This is a collection of Chekhov’s short stories, spanning from 1983 with The Trousseau to 1900 with the title story, In the Ravine. I hadn’t read anything by Chekhov before, and I’m usually not a huge short story fan, but a small collection narrated by Kenneth Branagh seemed like a great place to start.
This collected the following stories:
- Oh! The Public
- The Chorus Girl
- The Trousseau
- A Story Without a Title
- Fat and Thin
- The Beggar
- The Orator
- An Actor’s End
- I In the Ravine
- II The elder son Anisim came home very rarely
- III In the village Shikalovo lived two dressmakers
I was surprised by how modern the writing and plot felt in some of these stories. I suppose I get that feeling with a lot of classics, but I think since these are so short and focused it’s easy to imagine some of them happening in our time. If the details of the setting aren’t relevant to the plot, they aren’t provided (Chekhov’s Gun I suppose), and I think that makes some of them feel timeless in a way.
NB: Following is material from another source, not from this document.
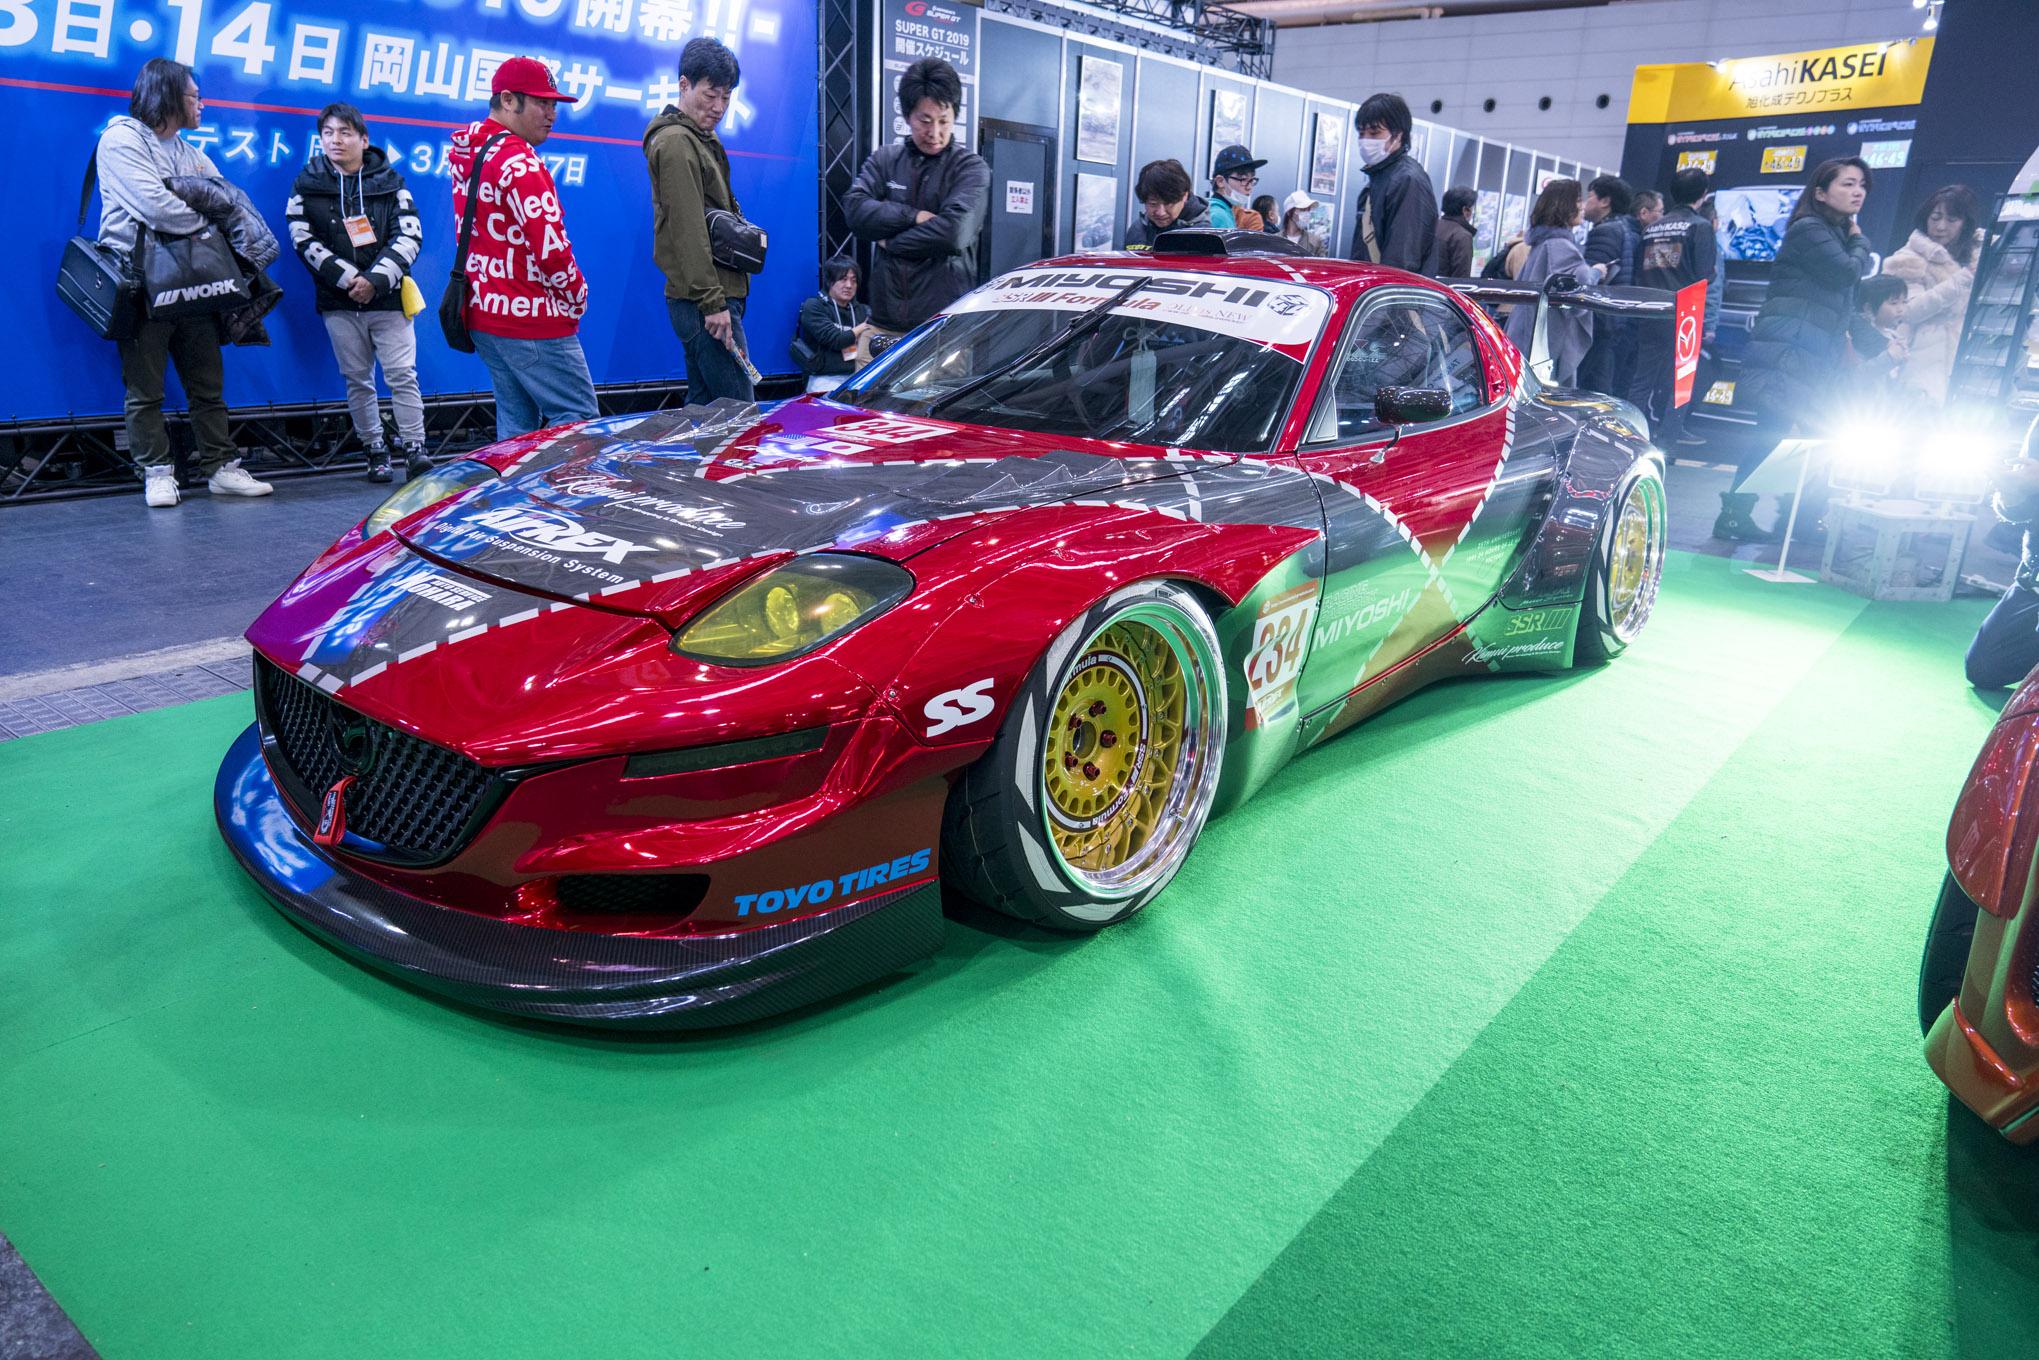 Osaka Auto Messe 2019 Pt. II

Some of these are actually quite funny. Oh! The Public deals with a clueless train ticket collector dealing with angry customers. He tries to follow the rules but they just lead to more and more issues. The funniest of the bunch, I thought, was The Orator, in which a man at a funeral gives a eulogy but gets his information wrong. Instead of eulogizing the man in the casket, he accidentally speaks about a man in the audience and causes some offence.
Your speech may be all right for a dead man, but in reference to a living one it is nothing but sarcasm!
Hush! is a great little story of a writer blaming his lack of progress on everything around him. Too much noise, and not enough tea. He blames everything but himself and can’t see what a pompous tyrant he is to those around him while he tries to write. It reminds me a bit of when I try to write anything.
I loved Misery. It’s the story of a horse-drawn sledge driver who just lost his son, and he tries desperately to confide in each passenger he picks up. He wants to tell them what happened, but none of them will pay him much mind. It perfectly captures how surreal and isolating it can be to lose someone close, to have your world change so dramatically and then step back into your regular life to find that no one else is affected. To find that your loss is about as relevant to them as the five-day forecast, and how, as selfish as it seems, sometimes you just want to tell someone everything and try to have them understand a bit of what you felt. This man has no one in his life who will listen.
Just as the young man had been thirsty for water, he thirsts for speech. His son will soon have been dead a week, and he has not really talked to anybody yet… . He wants to talk of it properly, with deliberation…. He wants to tell how his son was taken ill, how he suffered, what he said before he died, how he died…. He wants to describe the funeral, and how he went to the hospital to get his son’s clothes. He still has his daughter Anisya in the country…. And he wants to talk about her too…. Yes, he has plenty to talk about now. His listener ought to sigh and exclaim and lament….
I listened to this on audio, which Branagh narrated perfectly, so I had no idea of Chekhov’s fondness for ellipses until just now. I wonder if that’s common in all of his stories?
Weirdly, In the Ravine was one of my least favourites of the bunch. It seems to be the most popular, so I might have to revisit it at some point and see what I missed. As a whole, though, I really enjoyed this. Maybe I’ll read one of his plays next.